***** INPUT DATA *****

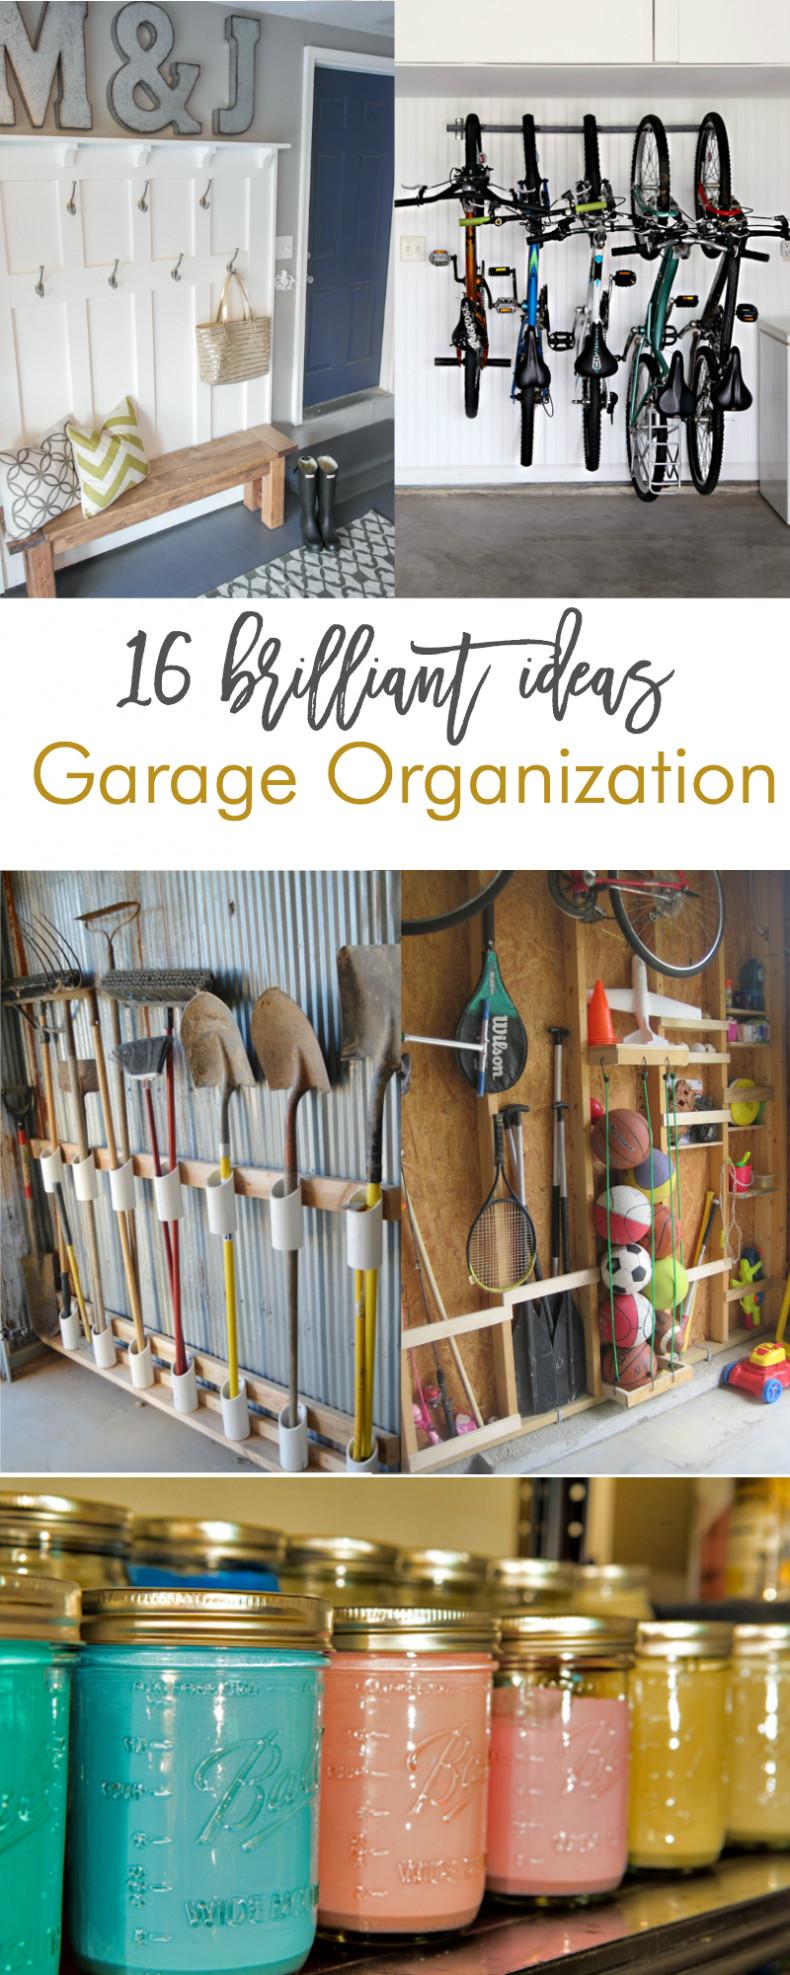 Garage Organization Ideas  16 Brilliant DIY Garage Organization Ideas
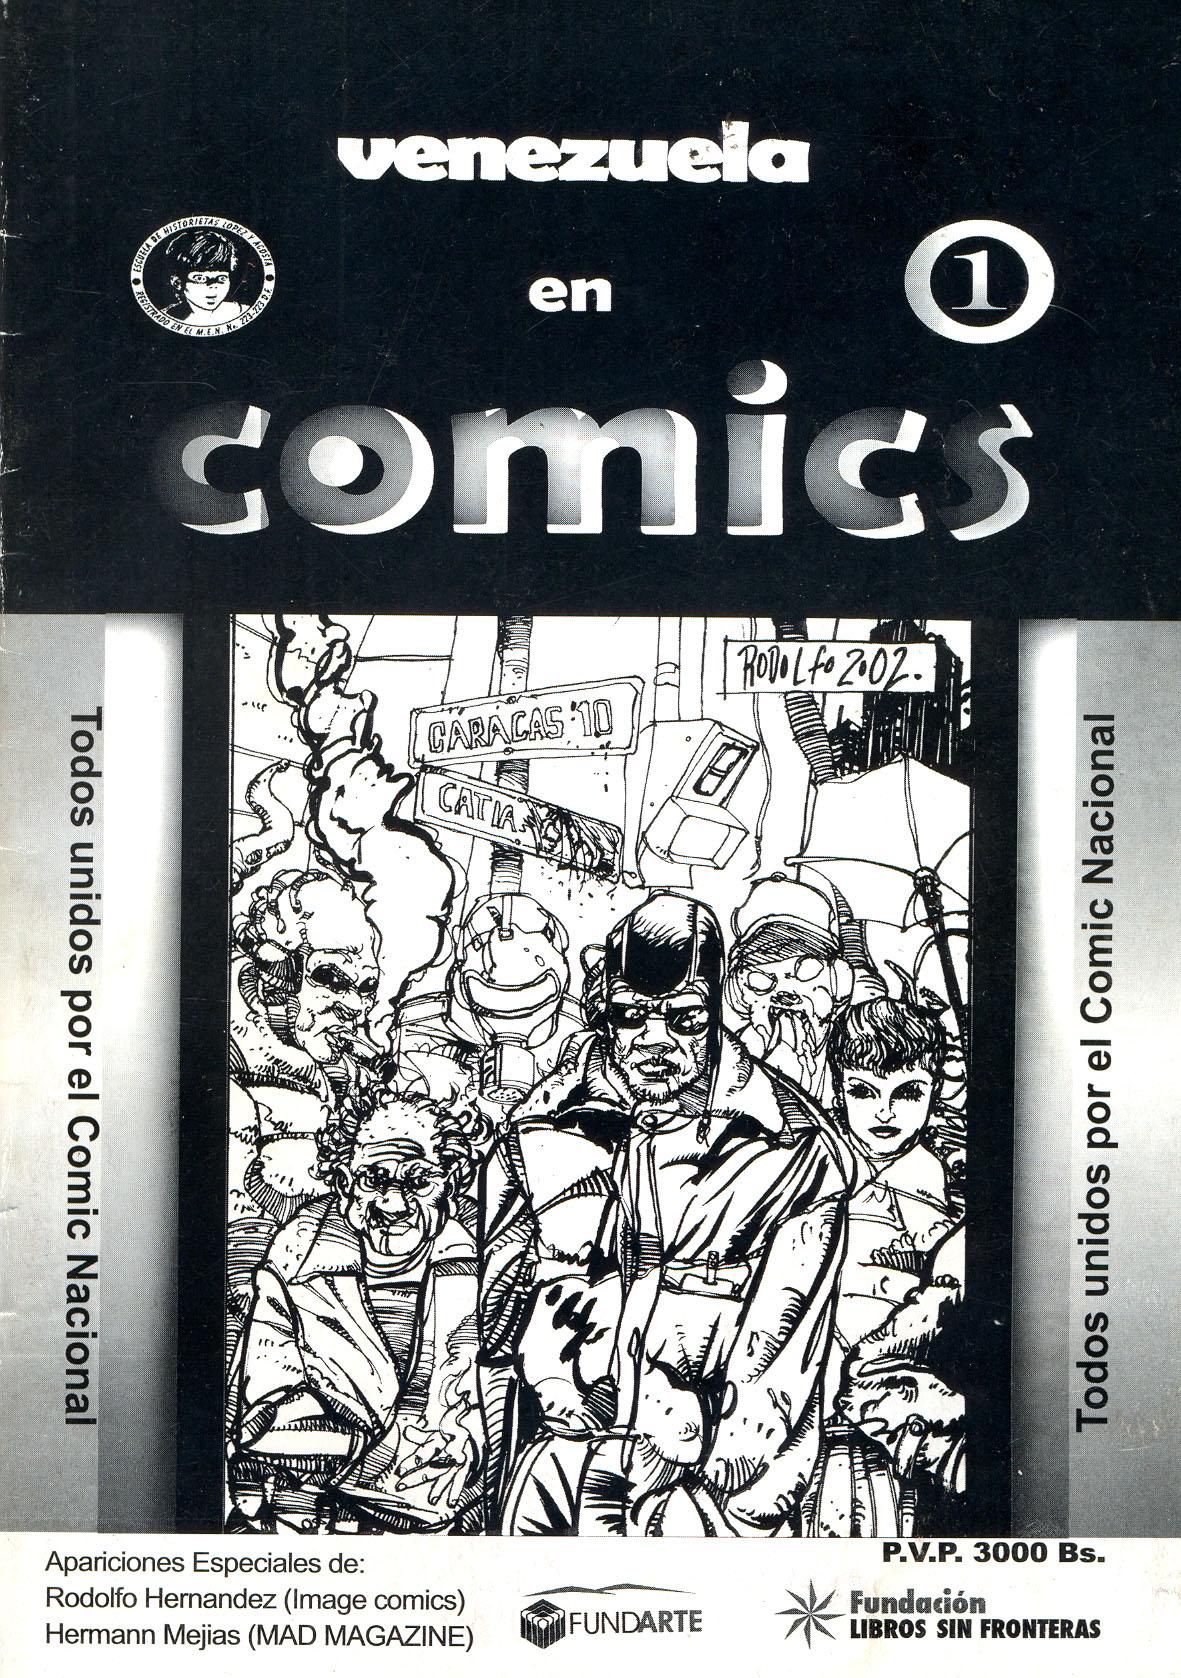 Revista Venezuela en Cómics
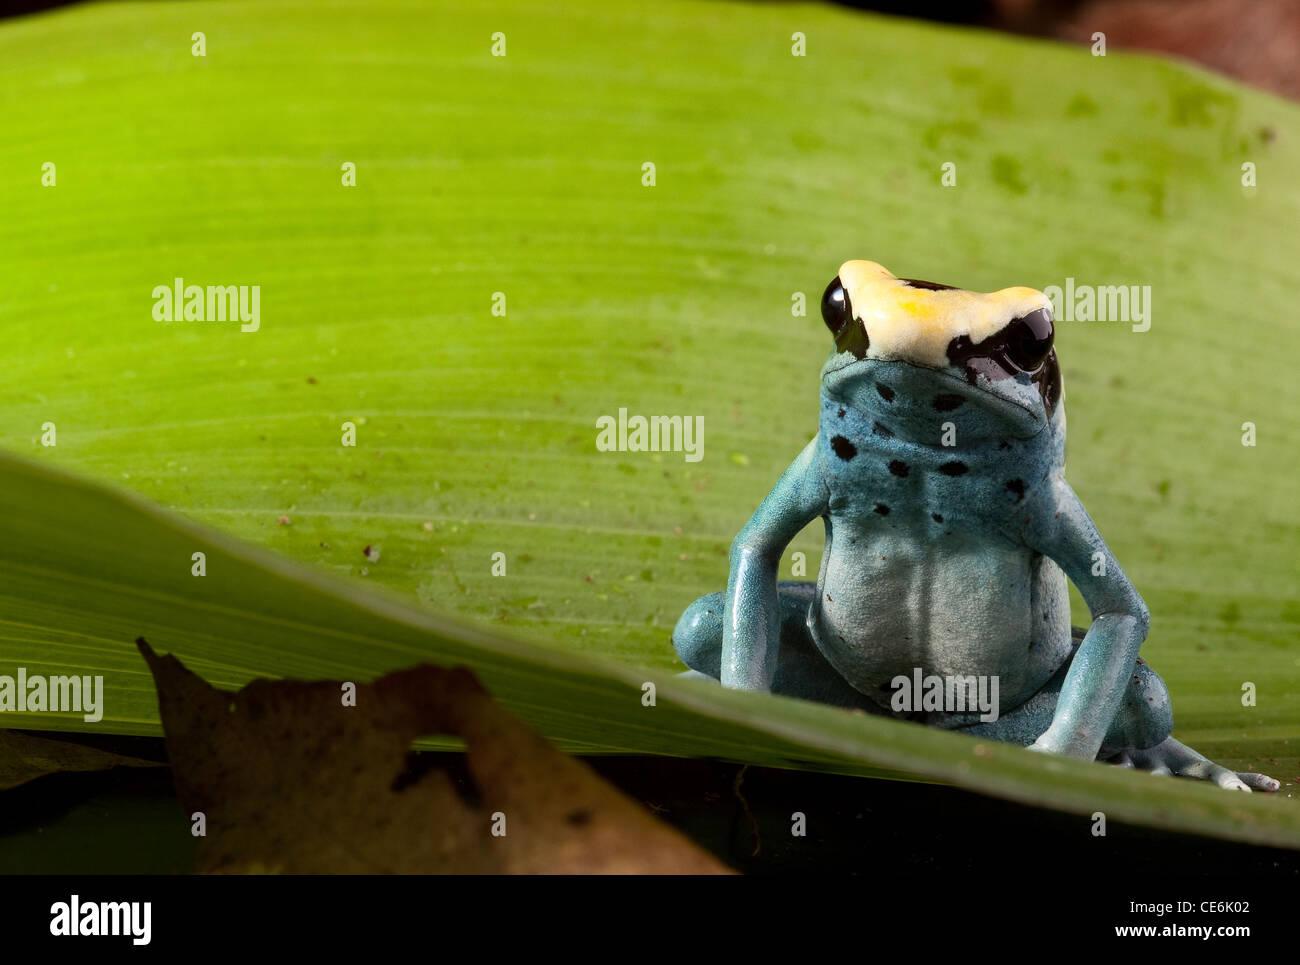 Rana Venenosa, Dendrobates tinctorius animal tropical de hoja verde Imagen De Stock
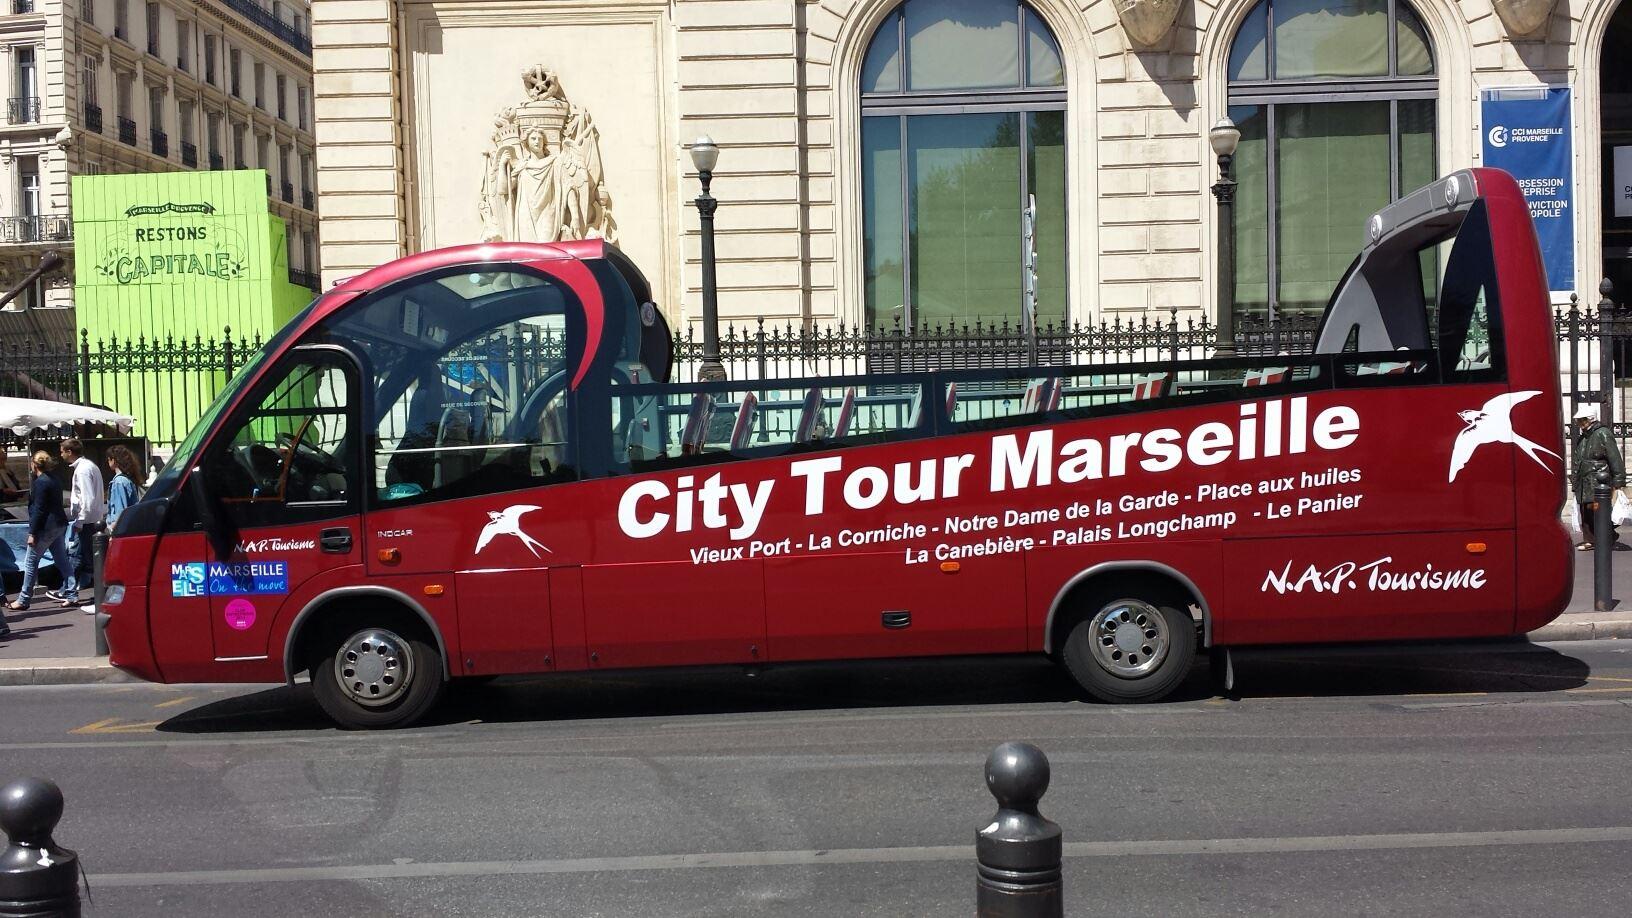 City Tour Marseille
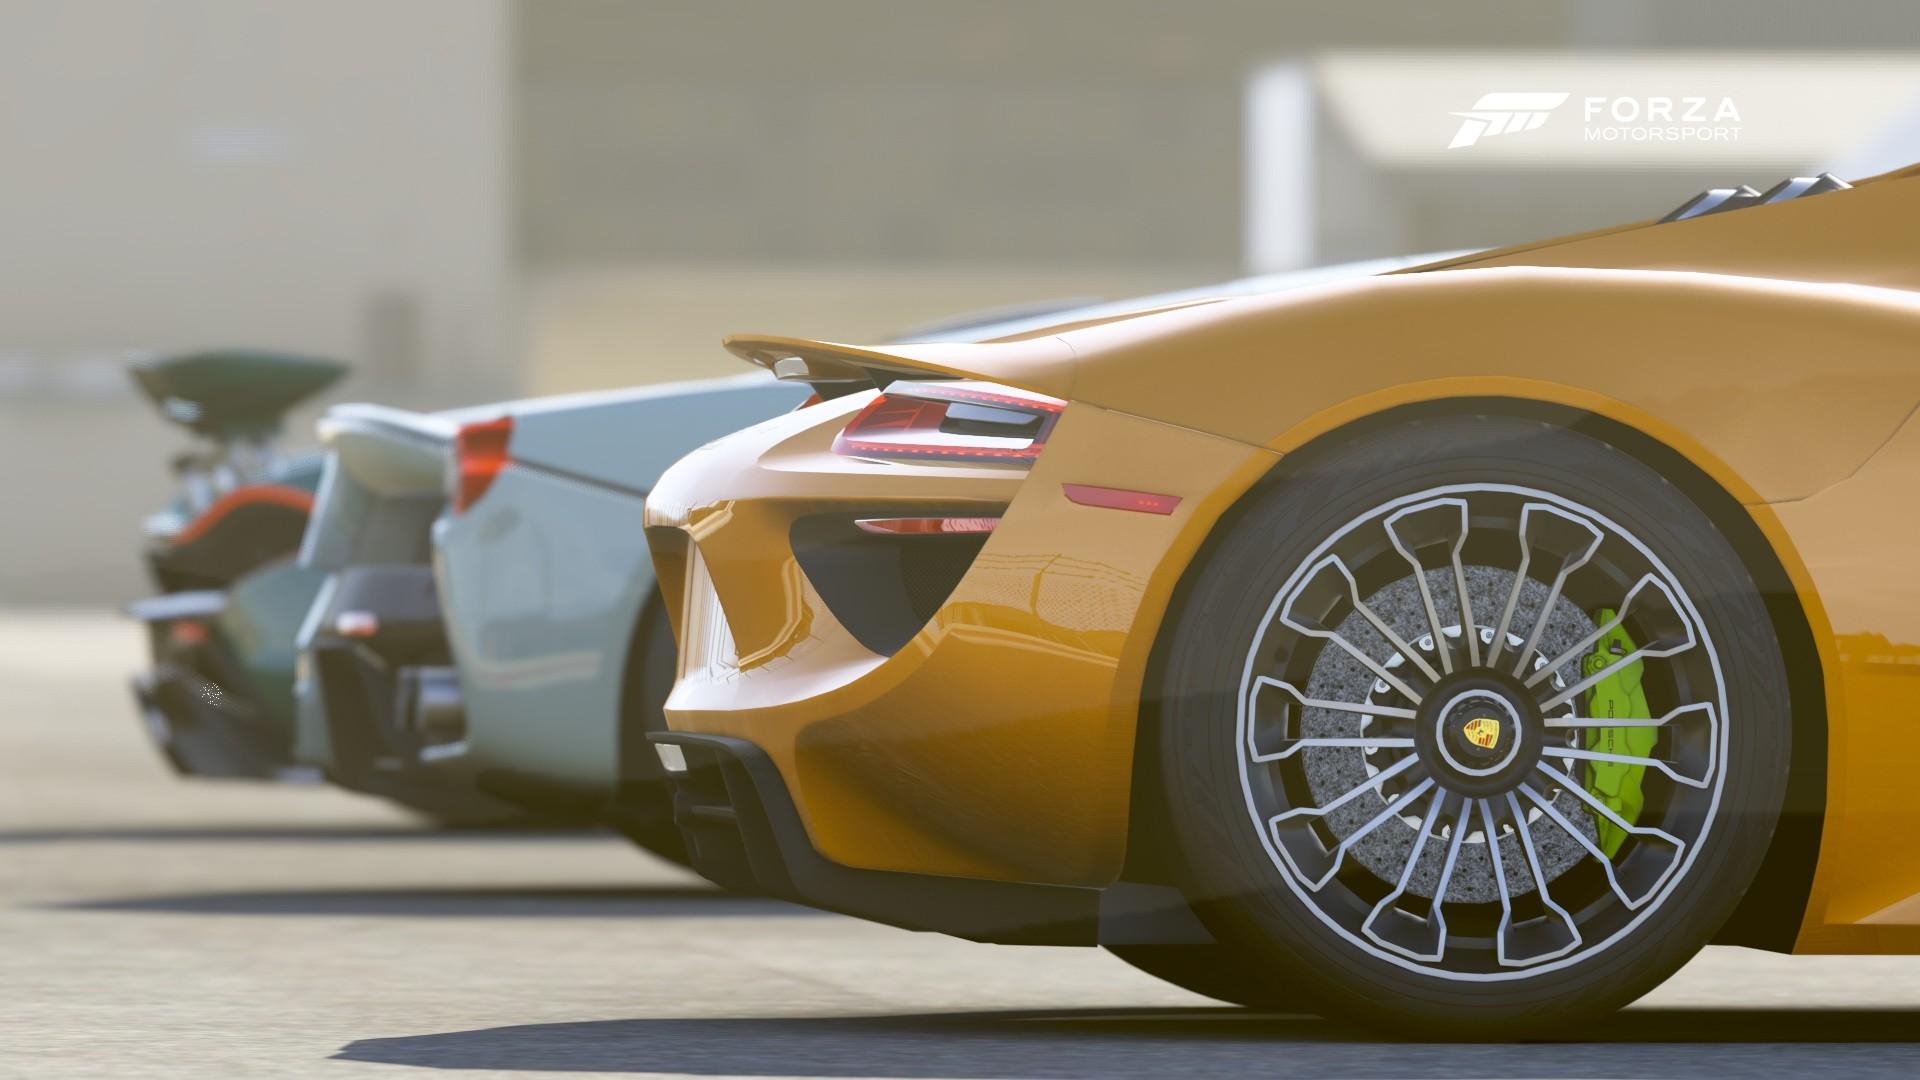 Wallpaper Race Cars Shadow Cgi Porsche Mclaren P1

*****

Please transcribe every entry above exactly, leaving out any pictures.

 Garage Organization Ideas  16 Brilliant DIY Garage Organization Ideas
 Revista Venezuela en Cómics
 Rana Venenosa, Dendrobates tinctorius animal tropical de hoja verde Imagen De Stock
 City Tour Marseille
 Wallpaper Race Cars Shadow Cgi Porsche Mclaren P1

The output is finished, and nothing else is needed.